Nous travaillons ainsi à l’organisation d’une série de rencontres autour du thème de la mémoire. Pas seulement notre mémoire tragique et douloureuse mais tous les chemins de nos mémoires dans leurs différentes incarnations, sans oublier non plus les mémoires d’autres que nous.

Nous voudrions également, et je reprends ici la suggestion d’une amie et fidèle de notre Communauté, organiser une table-ronde sur la question du fanatisme, dont l’été, nous a rappelé, hélas, si l’en était besoin, qu’il ne relève pas pour nous uniquement des Affaires étrangères.

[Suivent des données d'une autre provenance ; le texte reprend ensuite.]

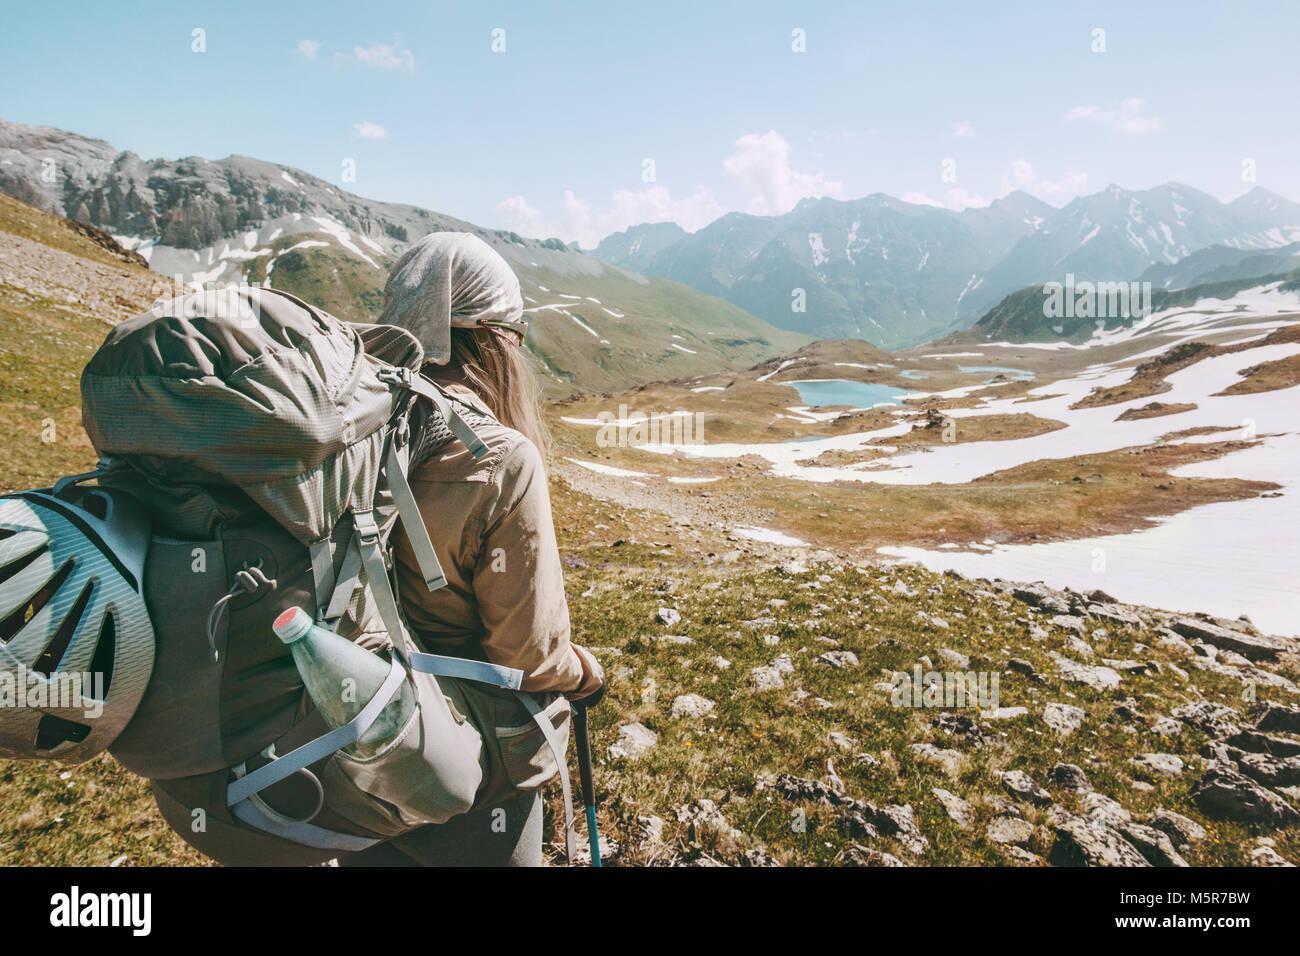 Randonnées en montagne tourisme Backpacker voyage aventure concept active lifestyle vacances estivales en plein Photo Stock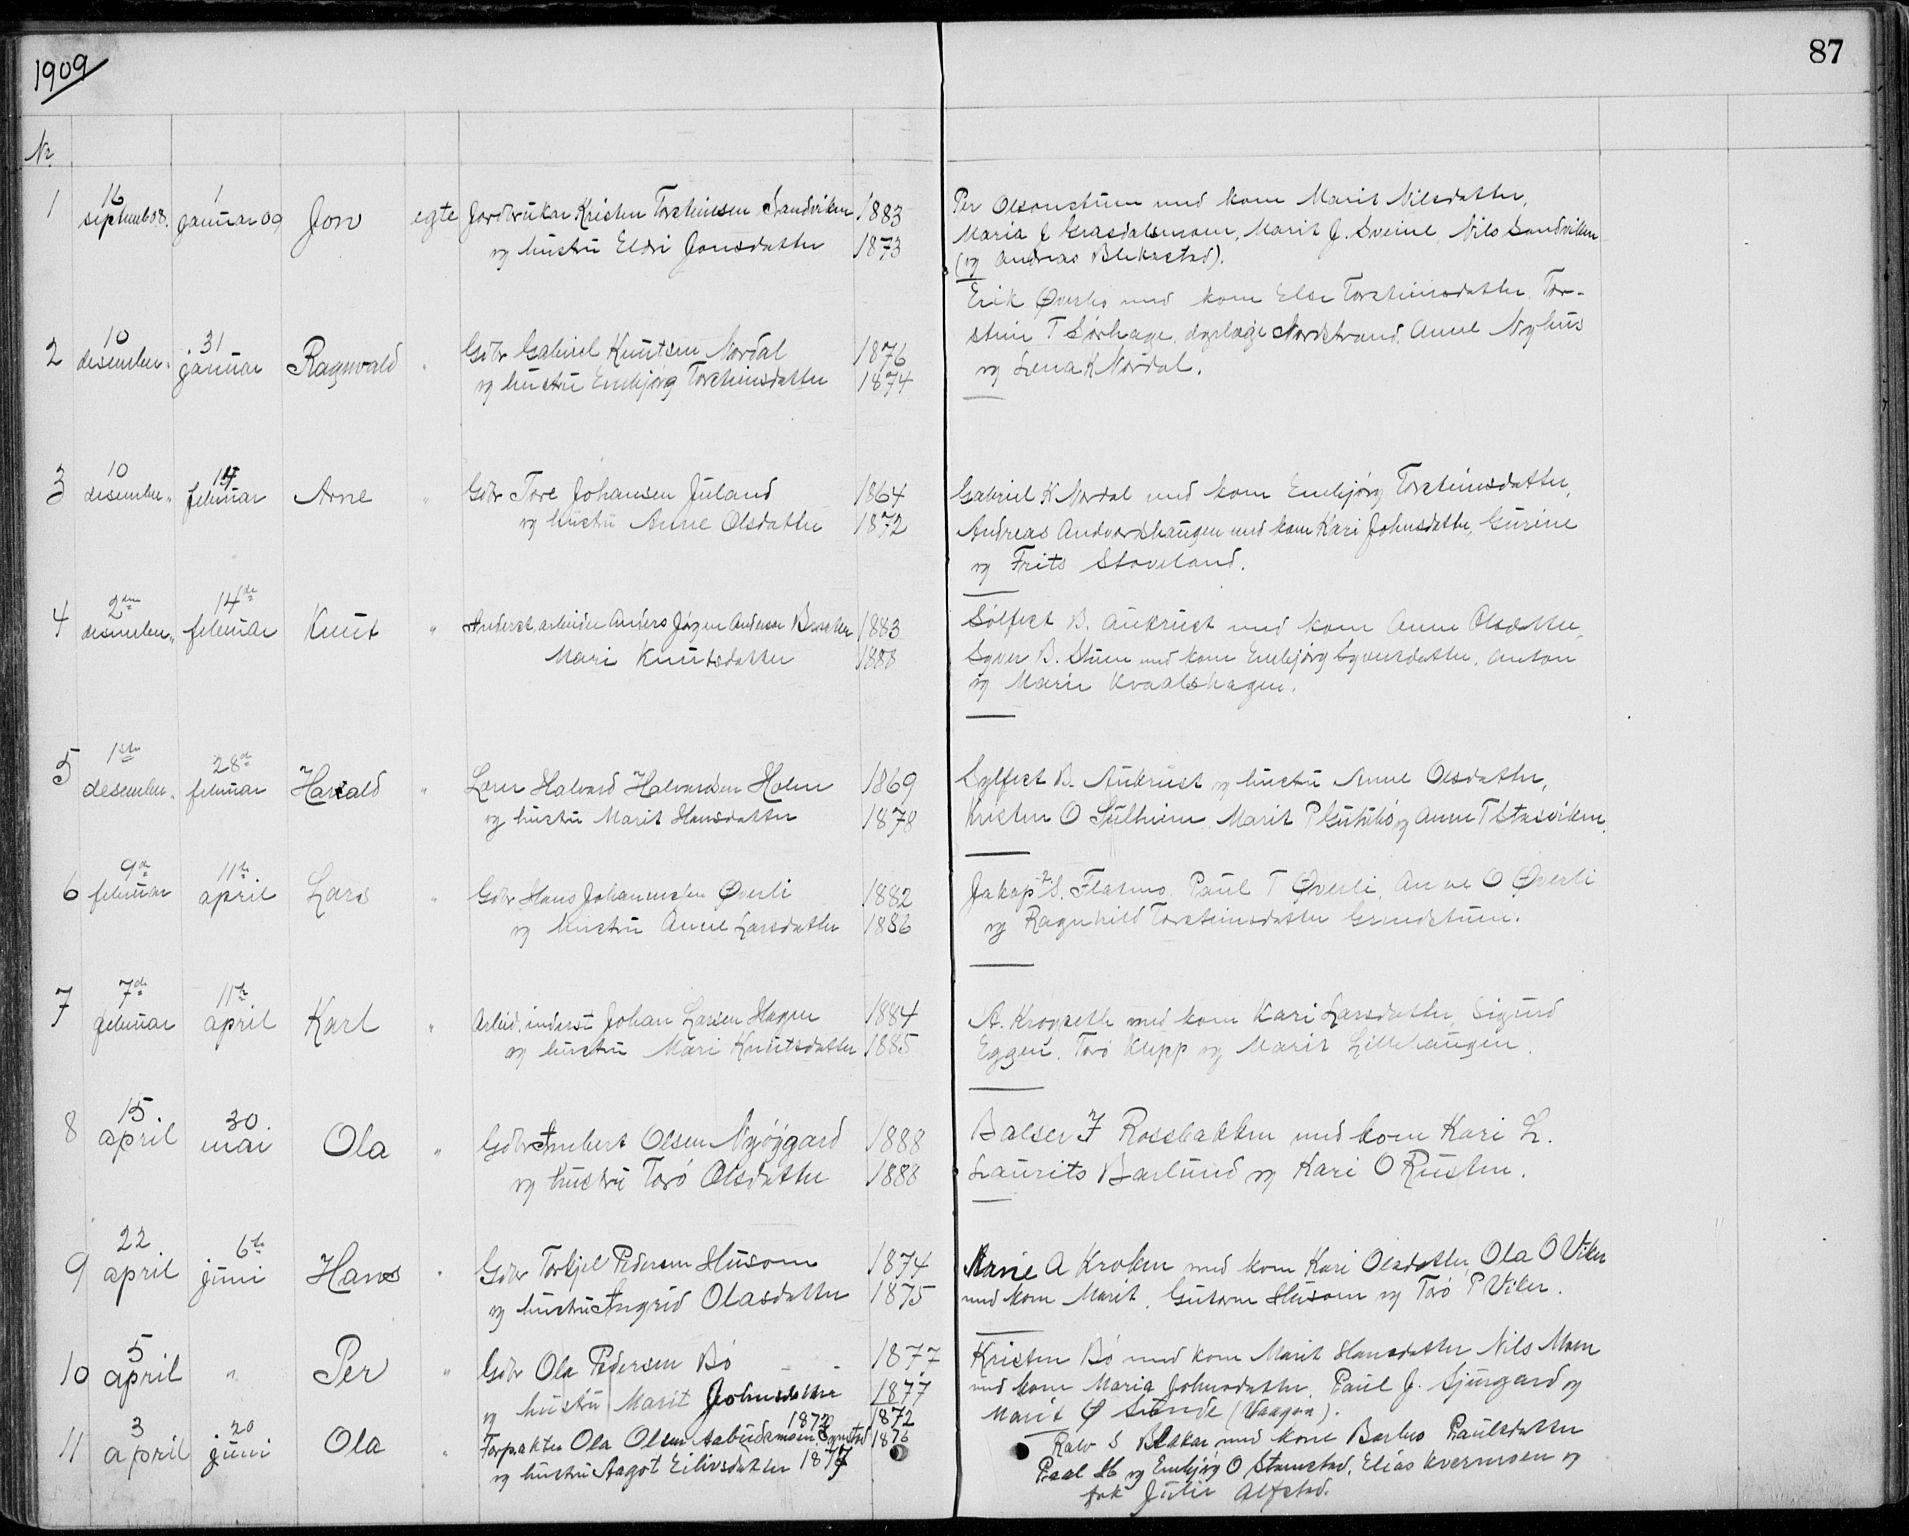 SAH, Lom prestekontor, L/L0013: Klokkerbok nr. 13, 1874-1938, s. 87

Ces projets viendront compléter le programme déjà très fourni de nos cours et activités et qui s’enrichit d’ailleurs cette année d’une initiation à la méditation juive. Nous en aurons certainement besoin pour rester toujours…zen.

 

Mais, me direz-vous, tout ceci est beau et grand, sans doute, mais « qu’est-ce qu’on mange ? » La question est légitime, pas seulement un jour de Kippour. Aussi, ne vais-je certainement pas oublier de vous parler de « la cuisine », qui, comme chacun, sait est à Adath Shalom la désignation métonymique de « nos locaux ». Nous y pensons et même nous travaillons activement sur la question. Les impératifs de notre protection physique nous ont imposé de commencer cette année par l’installation des lourds et couteux dispositifs de sécurité que vous connaissez. Cela ne signifie pas que nous ayons renoncé à restaurer, embellir, reconfigurer notre Synagogue et notre Centre communautaire. Ainsi que nous nous y sommes engagés, vous serez informés et surtout associés à la réflexion et la mise en œuvre de ces transformations. J’espère que l’an prochain, à ce même moment, nous pourrons nous réjouir de ce qui aura été, dans ce domaine aussi, accompli.

 

Vous le voyez et vous en êtes les acteurs, en dépit d’un contexte très sombre et pour cela même aussi, nous avons comme toujours, plus que jamais et encore plus, besoin de votre voix, de votre engagement et de votre action. Nous avons, bien sûr, besoin de notre rabbin, que je veux remercier une fois encore, non comme la figure imposée d’un exercice présidentiel annuel, mais très sincèrement, du souffle et de l’inspiration qu’il donne, au quotidien, à Adath Shalom comme de sa présence auprès de chacun, que le temps soit à la joie partagée mais encore à la douleur ou au deuil.

 

Mes amis, avec l’aide de Dieu… et votre implication active, en cette année 5776, comme les précédentes et comme celles qui suivront, ce que nous nous allons continuer à vivre ensemble, à défendre et à porter, chacun à notre manière, singulière et irremplaçable, ce que nous allons faire rayonner dans ce monde qui manque si terriblement de lumière, ce que nous allons offrir sans contrepartie, c’est notre bonheur, pour nous et au service de tous, notre  bonheur d’être Juifs.

 

Chana tova ouGmar Hatima tova!

                                                                       Aline Benain.